‘It’s a Wonderful Knife’ Will Make Horror Fans Wish They Were Never Born


The title of It’s a Wonderful Knife (in theaters Nov. 10) doubles as the film’s elevator pitch: It’s Frank Capra’s classic of Yuletide magnanimity, reimagined as a holly-bedecked horror flick. Easily enough said and sold, but actually following through on the snappy logline proves more convoluted than in the recent ready-made slasherfications of Groundhog Day (Happy Death Day), Freaky Friday (Freaky), and Back to the Future (Totally Killer).

A masked assassin stalks the snow-blanketed hamlet of Angel Falls, and when he strikes at a house party on Christmas Eve area teen Winnie (Jane Widdop) gets the drop on him with a pair of jumper cables and a car battery. As dictated by the code of Scooby-Doo, the culprit is the grabby developer (Justin Long) with the displeasing Joel Osteen dentures, and he’s dispatched in short order.

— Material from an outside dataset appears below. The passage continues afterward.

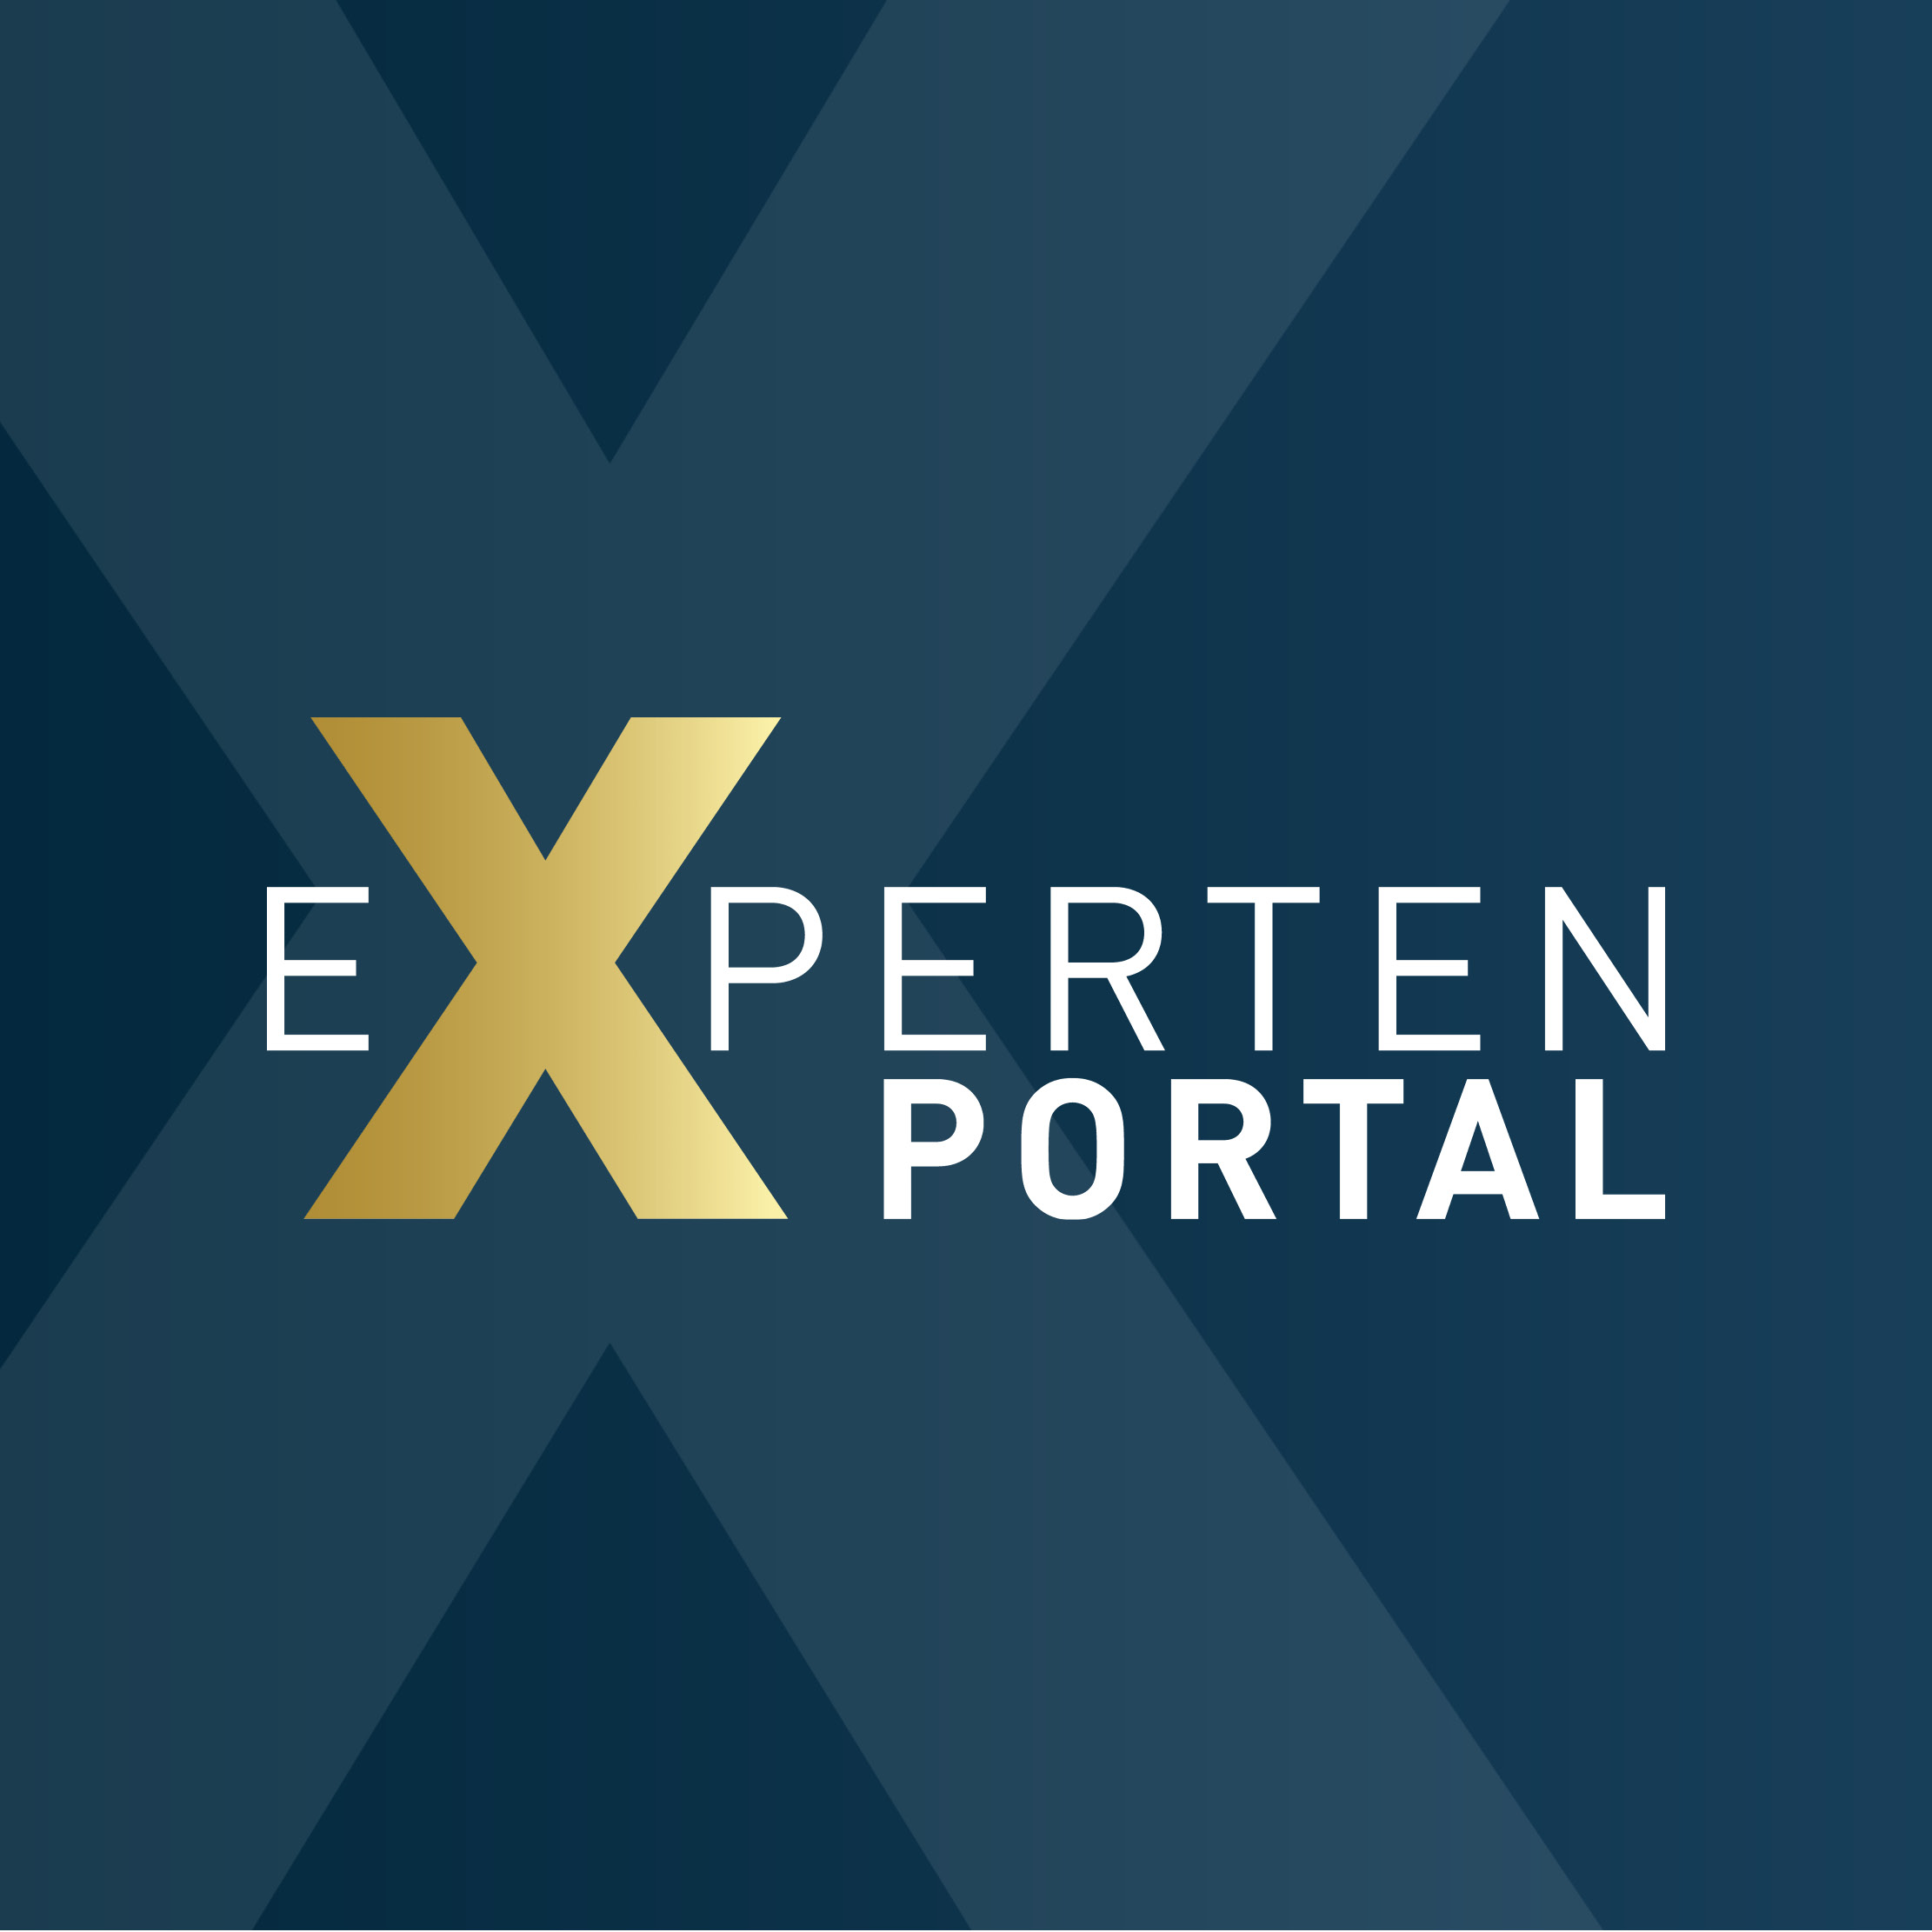 Letter-Logo des Expertenportals, verlinkt mit dem dortigen Profil von Robert Böttcher.
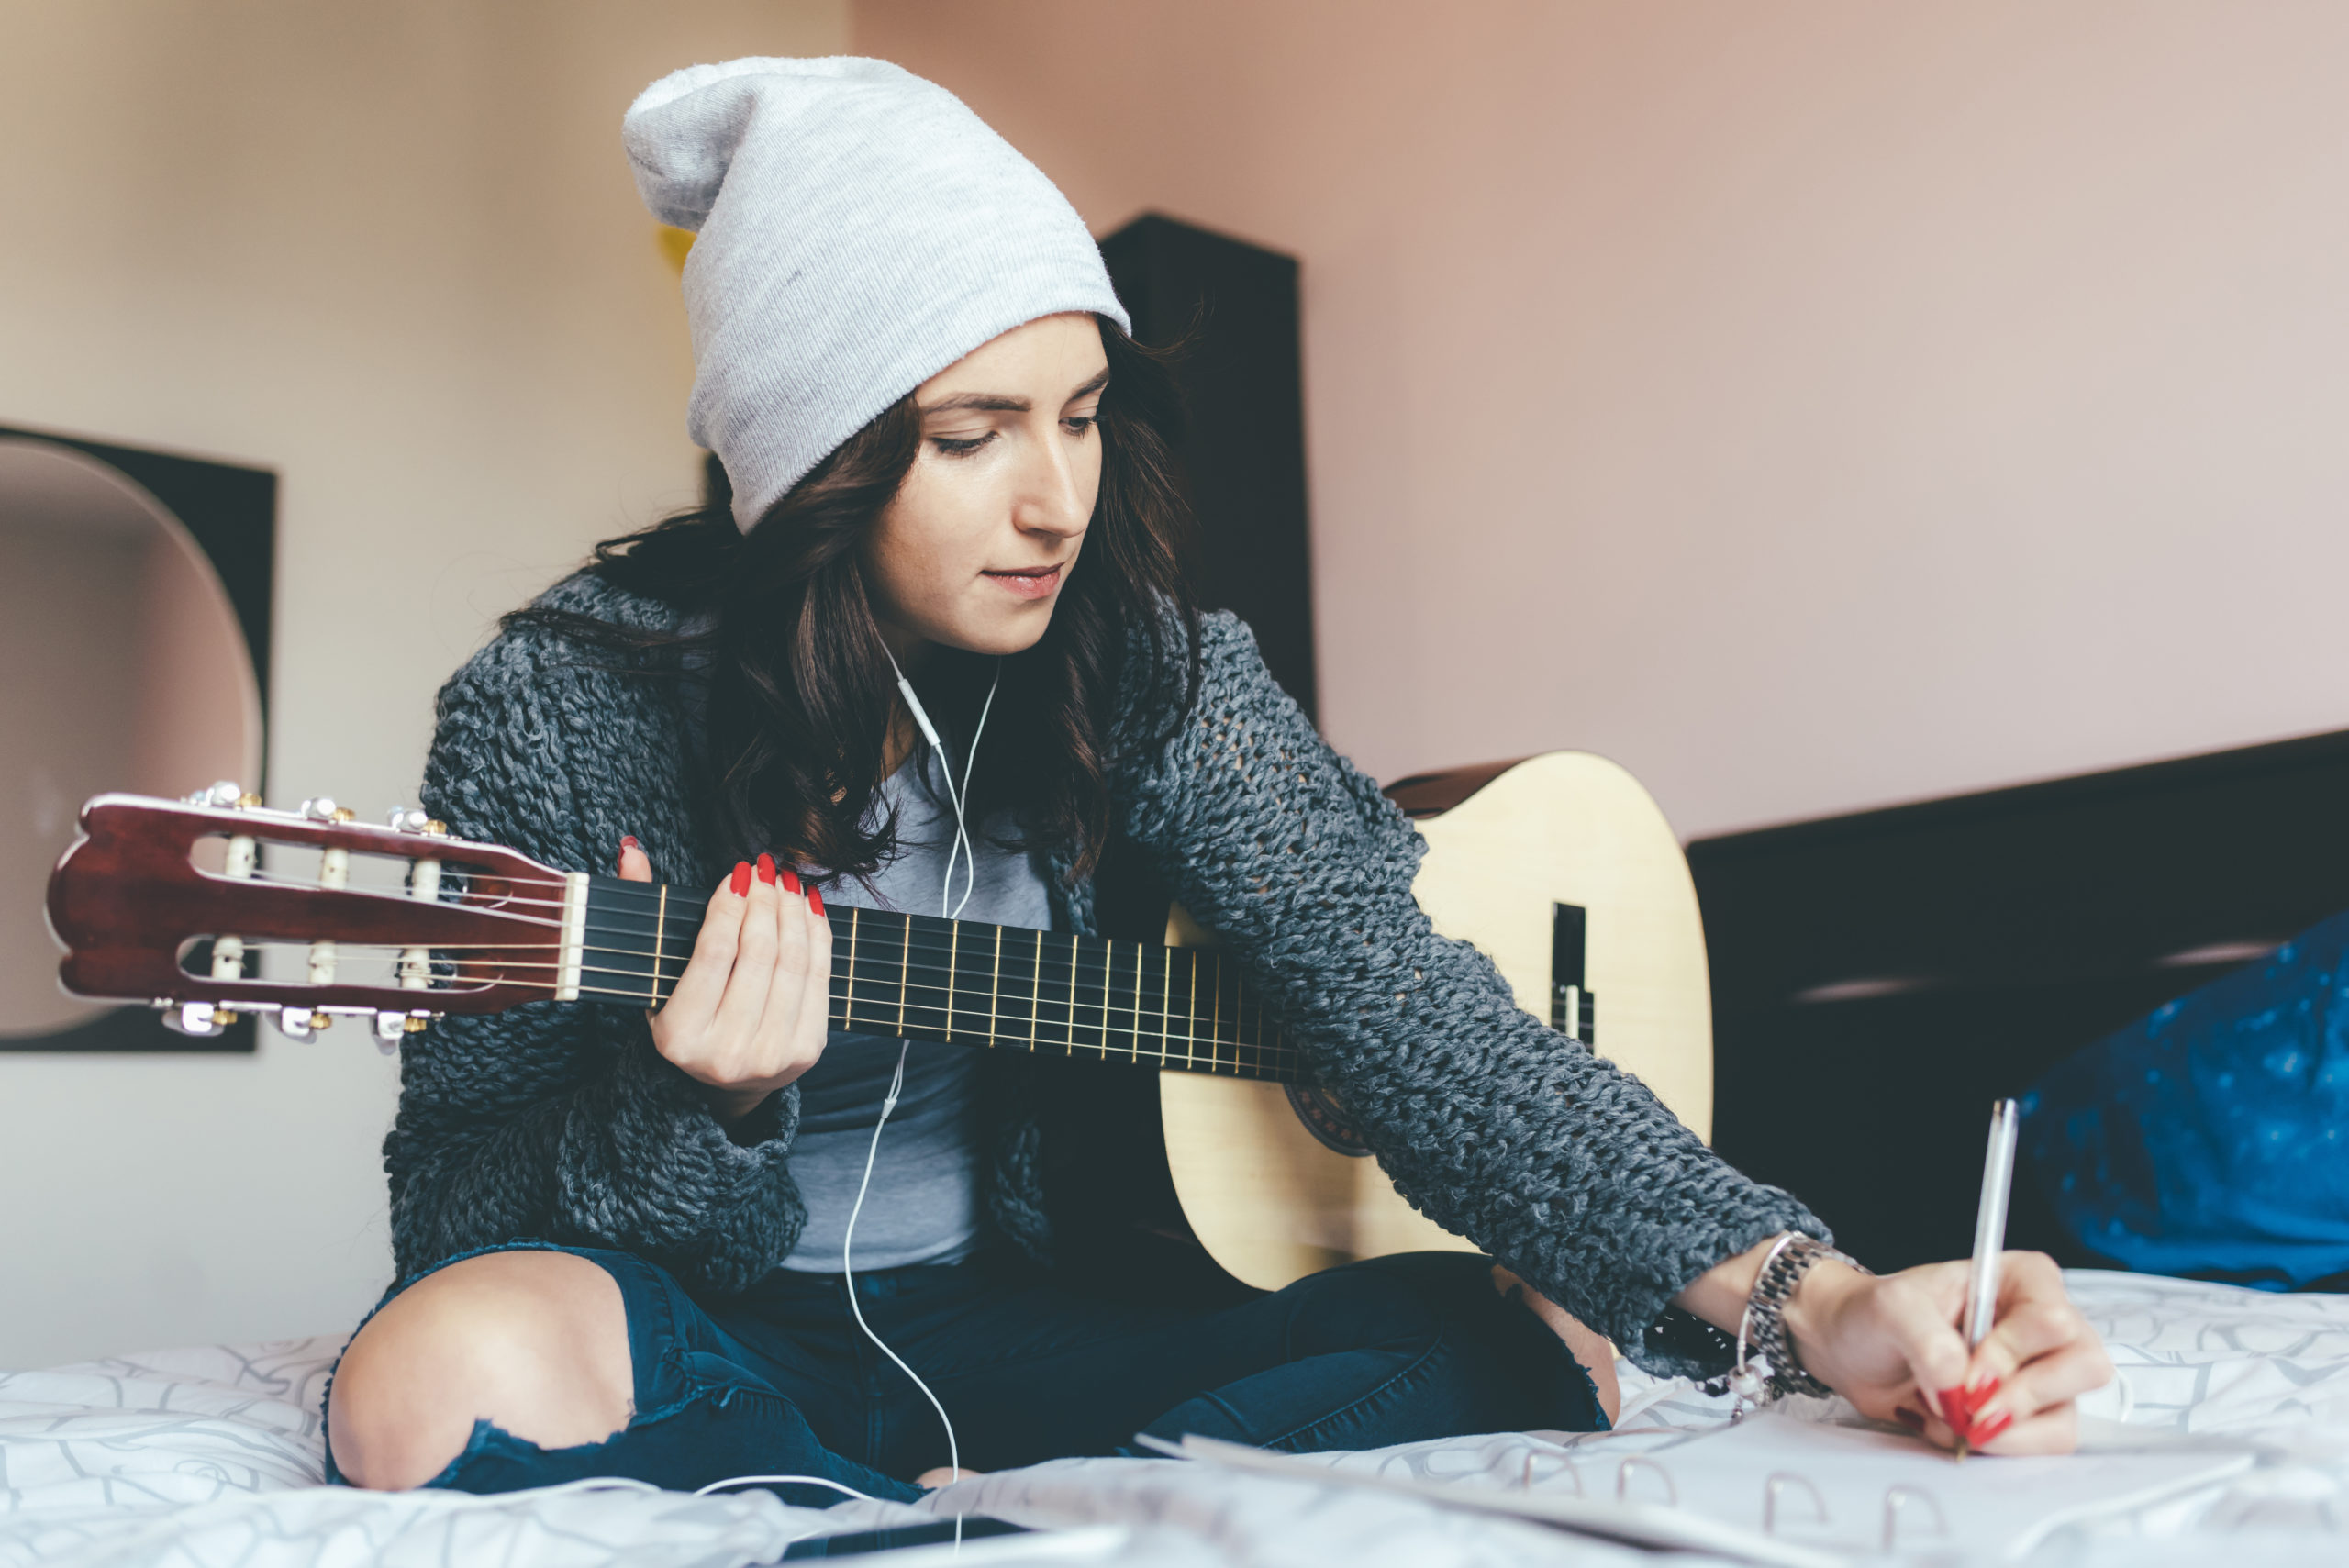 imagen de una mujer joven sosteniendo una guitarra y componiendo música | Colorado guitar lessons adults youth

One year later, however, Winnie’s not feeling all that jolly. Her workaholic dad (Joel McHale) gifts her annoying brother (Aiden Howard) a car while she’s stuck with an insulting monogrammed scale. Then she catches her beau doing mistletoe-type things with another girl. While staring at the aurora borealis—at this time of year, in this part of the country?—she wishes she’d never been born, and finds herself in a still-terrorized town that makes Pottersville look like Pleasantville.

That’s about a half-hour of wind-up in an 87-minute movie, and neither scribe Michael Kennedy nor director Tyler MacIntyre (currently having an eventful month as a cowriter of Five Nights at Freddy’s) do much to make merry with the premise they’ve worked so hard to gift-wrap for us. Drably photographed, leadenly unfunny, and flimsily assembled, this seasonal trinket has a white-elephant disposability liable to send viewers rummaging for a receipt.

Following the tiresome, obligatory adjustment period during which Winnie wonders why nobody’s recognized her since right around the time she willed herself out of being, she gains her Clarence—a parallel explicitly stated with dialogue, for anyone stumped by the title’s seeming non sequitur—in social outcast Bernie (Jess McLeod). Via the freeze-dried bantering of YA lit, they go from unlikely partners to besties to could-it-be-something-more, one strand in a queer streak that also extends to Winnie’s with-it aunts and OnlyFans-trawling brother.

The spirit of updated inclusivity fits right in with the subversive revisionism inherent in spattering a Christian observance with arterial spray, though Kennedy and MacIntyre also hold fast to Capra’s warming wholesomeness. The preordained finale taps into the same catharsis of redemptive second chances linking Scrooge, The Grinch, and George Bailey. It’s just that in Winnie’s case, the true meaning of Christmas amounts to ditching your suck-ass boyfriend to hook up with the cute, misunderstood girl who can see the real you.

The contrast between rosy-cheeked sentimentality and violence sharpened to an icicle’s point could’ve been played for big laughs, or at least laughs bigger than Winnie’s repeated reaction of “Seriously?!” to shocking sights. (Anna and the Apocalypse had a better handle on this bit, going all in on chipper holiday dissonance with its upbeat, zombie-strewn musical numbers.) Like the latest It Toy cleared off the shelves, charm is in short supply for this film; there’s no texture or character to its cheapness, the rickety DIY gumption of low-budget genre filmmaking replaced by a stifling digital sterility starved for light and pops of color. Even a pair of scenes at unsupervised ragers lack any sort of festive charge, as if to illustrate the difference between a party and a bunch of people standing in a room while music plays. If all this is meant as a riff on the thinness and Kinkadean hideousness of mass-produced Hallmark originals, the self-awareness fell off the sled somewhere along the way to Grandmother’s house.

In search of a resolution to tie a ribbon on everything, MacIntyre and Kennedy get bogged down in metaphysical horse pucky that doesn’t really make sense—though, to be fair, neither does the ending of It’s a Wonderful Life. Capra waved away the logistics with high-proof pathos, and glossed over the fact that Bailey’s life had not materially improved through the uplifting powers of populist camaraderie. So long as we’ve got our health and our loved ones, we’ll muddle through somehow—the same chestnut cracked by our hero as she comes to appreciate the one cool girl in her town. Remember, Winnie: No man is a failure who has a crush that likes them back.

But a moral skirting the maudlin must be duly earned, otherwise it’ll feel as grafted-on as the romance used here to implant a heart in a film more taken with the structuring device than the soul of its main inspiration. Anyone can borrow a setup famed for extracting tears around this time of year, and deviously turn it on its head. Doubling back to actually pull it off takes a Christmas miracle.